Well depending on what side the hot air goes in it will eaither cool it down or HEAT it up..! So you need to check that before installing it.






























But realy just look at the cooler the only thing that would matter is pipe fitting direction but not much else. So know it should not matter at all.


----------



## Stephen Webb (Apr 12, 2001)

*Re: Are intercoolers directional? (matt92vr4)*

quote:[HR][/HR]Does it matter which direction the air flow through an intercooler? I have one from an 1989 Thunderbird.
Thanks[HR][/HR]​Most intercoolers seem to have the same size inlet as outlet. The ones with different sized inlets/outlets were designed with a flow direction in mind, but good luck getting a consensus on Vortex as to which side gets the larger tube. (I say the inlet gets the larger tube as the air after the intercooler is cooler and more dense, hence takes up less volume and would seemingly require a smaller tube...others have their own theories.)
Other than tube size, inlet and outlet tank design may differ, I suppose - perhaps one side would be better suited to inflow than outflow, or something.
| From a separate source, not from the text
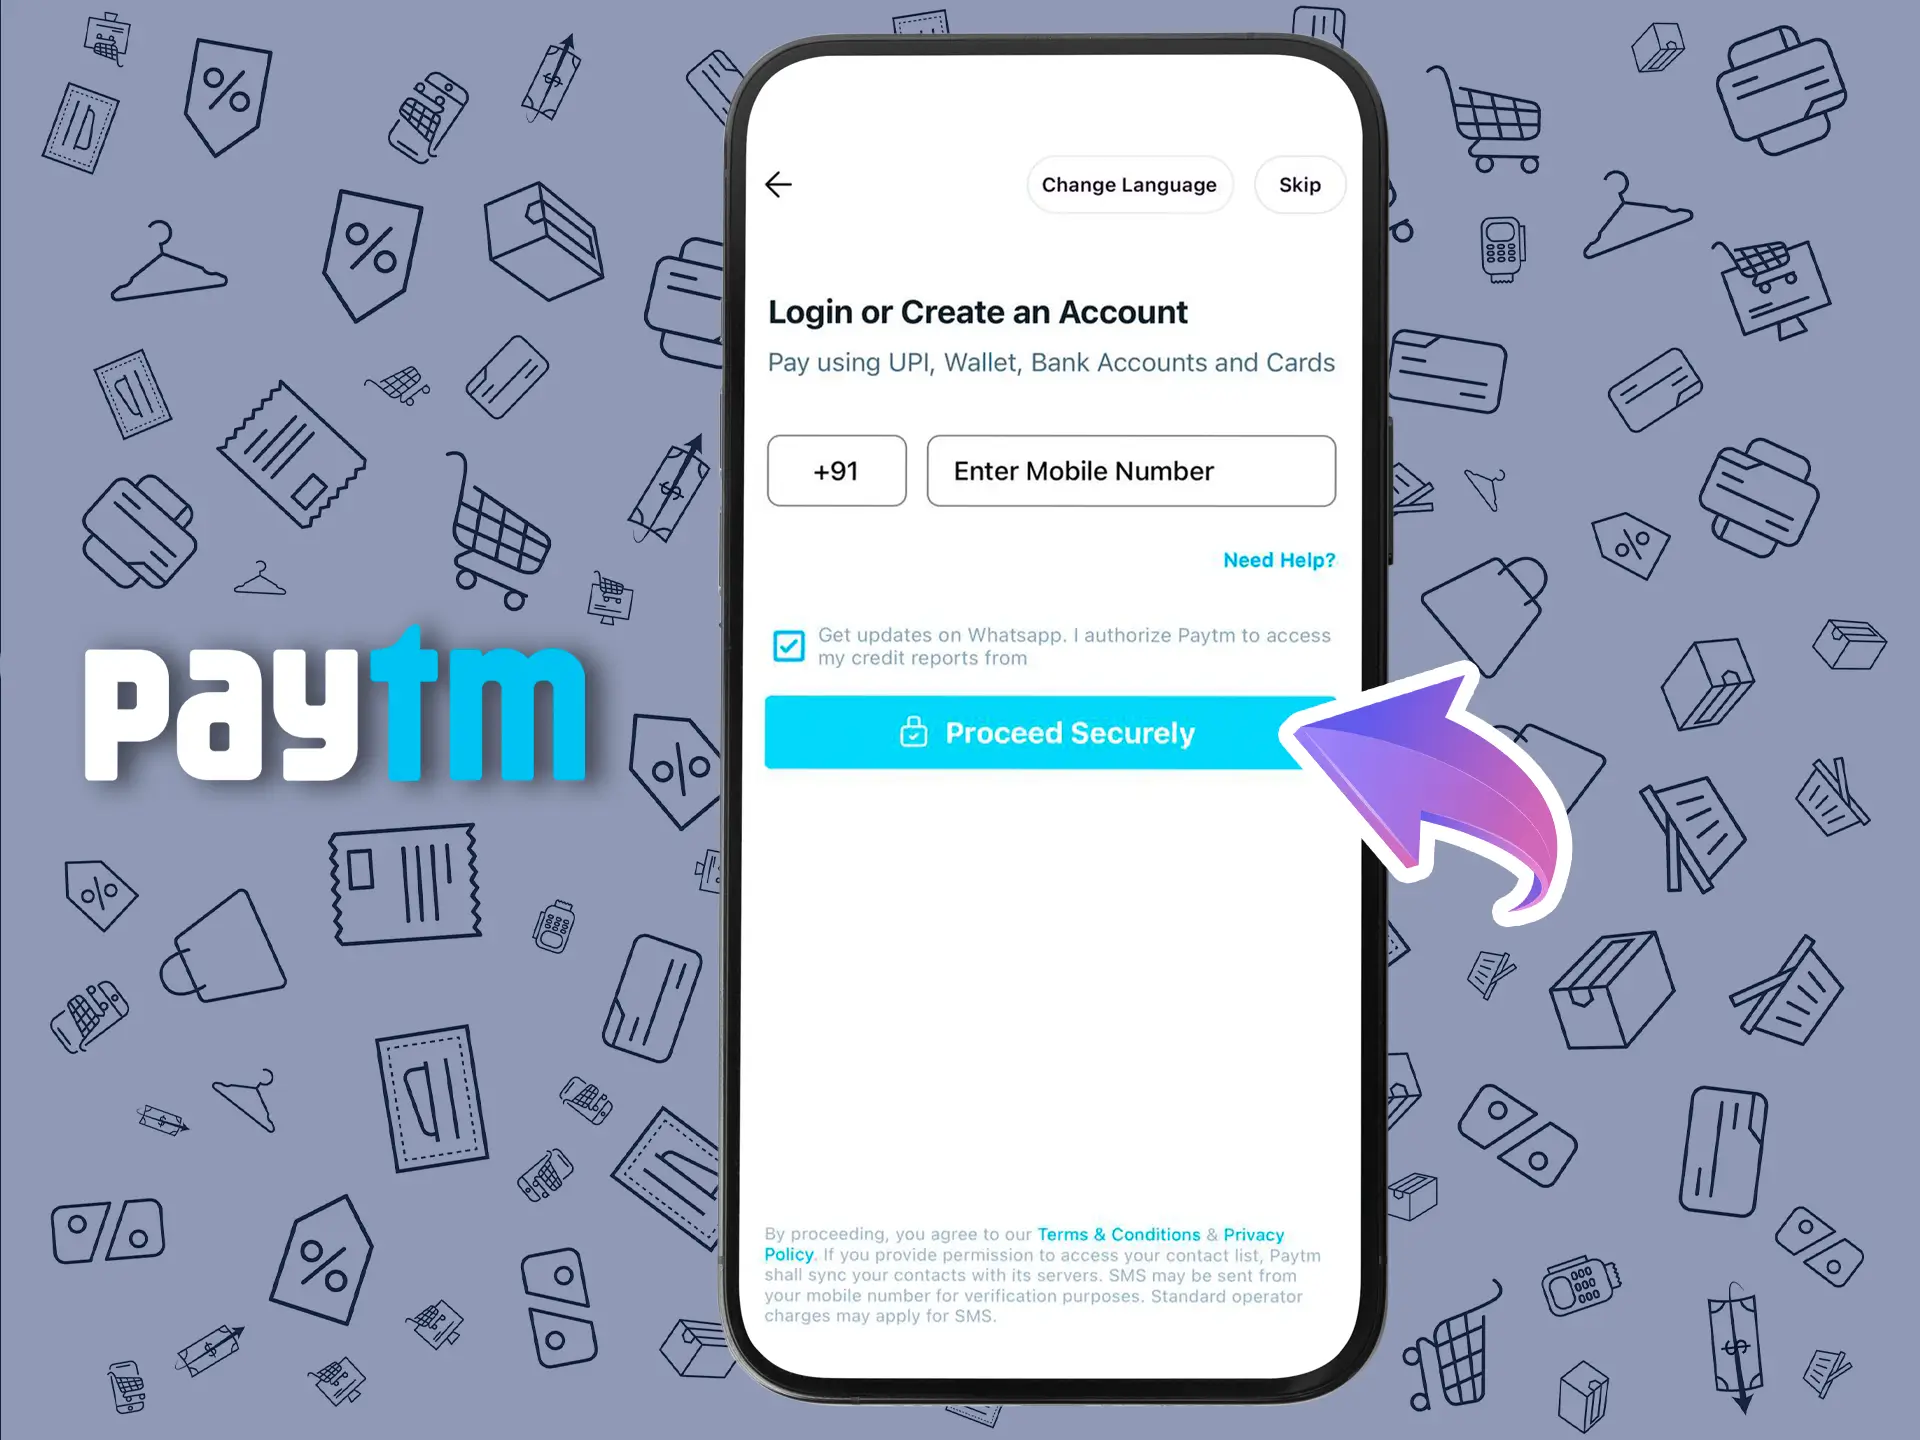 Perform a simple registration in the PayTm app using your mobile phone number.

Fittment will likely dictate which way you flow the air through it anyway, so I wouldn't worry about it too much.
-Steve


----------



## GreenRallye (Aug 20, 2001)

*Re: Are intercoolers directional? (Stephen Webb)*

if you run the air in the wrong side of an rallye intercooler, it doesnt flow as good..
some intercoolers have an internal "wall" to guide the air to the whole ic..


----------



## matt92vr4 (Jul 1, 2002)

*Re: Are intercoolers directional? (matt92vr4)*

thanks for your responses. I'll have to do a little more research.


----------



## EuroVeeDub (Nov 16, 2001)

*Re: Are intercoolers directional? (matt92vr4)*

Done with your turbo project yet?


----------



## matt92vr4 (Jul 1, 2002)

*Re: Are intercoolers directional? (EuroVeeDub)*

the turbo is on, the oil lines are run, the i/c is in... The only thing stopping me is the rear motor mount. It was totally in the way so I have to install an A1 side mount. I'm waiting for that to get here and then it will be done in a day


----------



## vwgtirob (Aug 16, 2001)

*Re: Are intercoolers directional? (matt92vr4)*

The cores don't have direction (at least any that I've seen), but various baffles to even out airflow will dictate direction, as will asymmetrical endcaps.


----------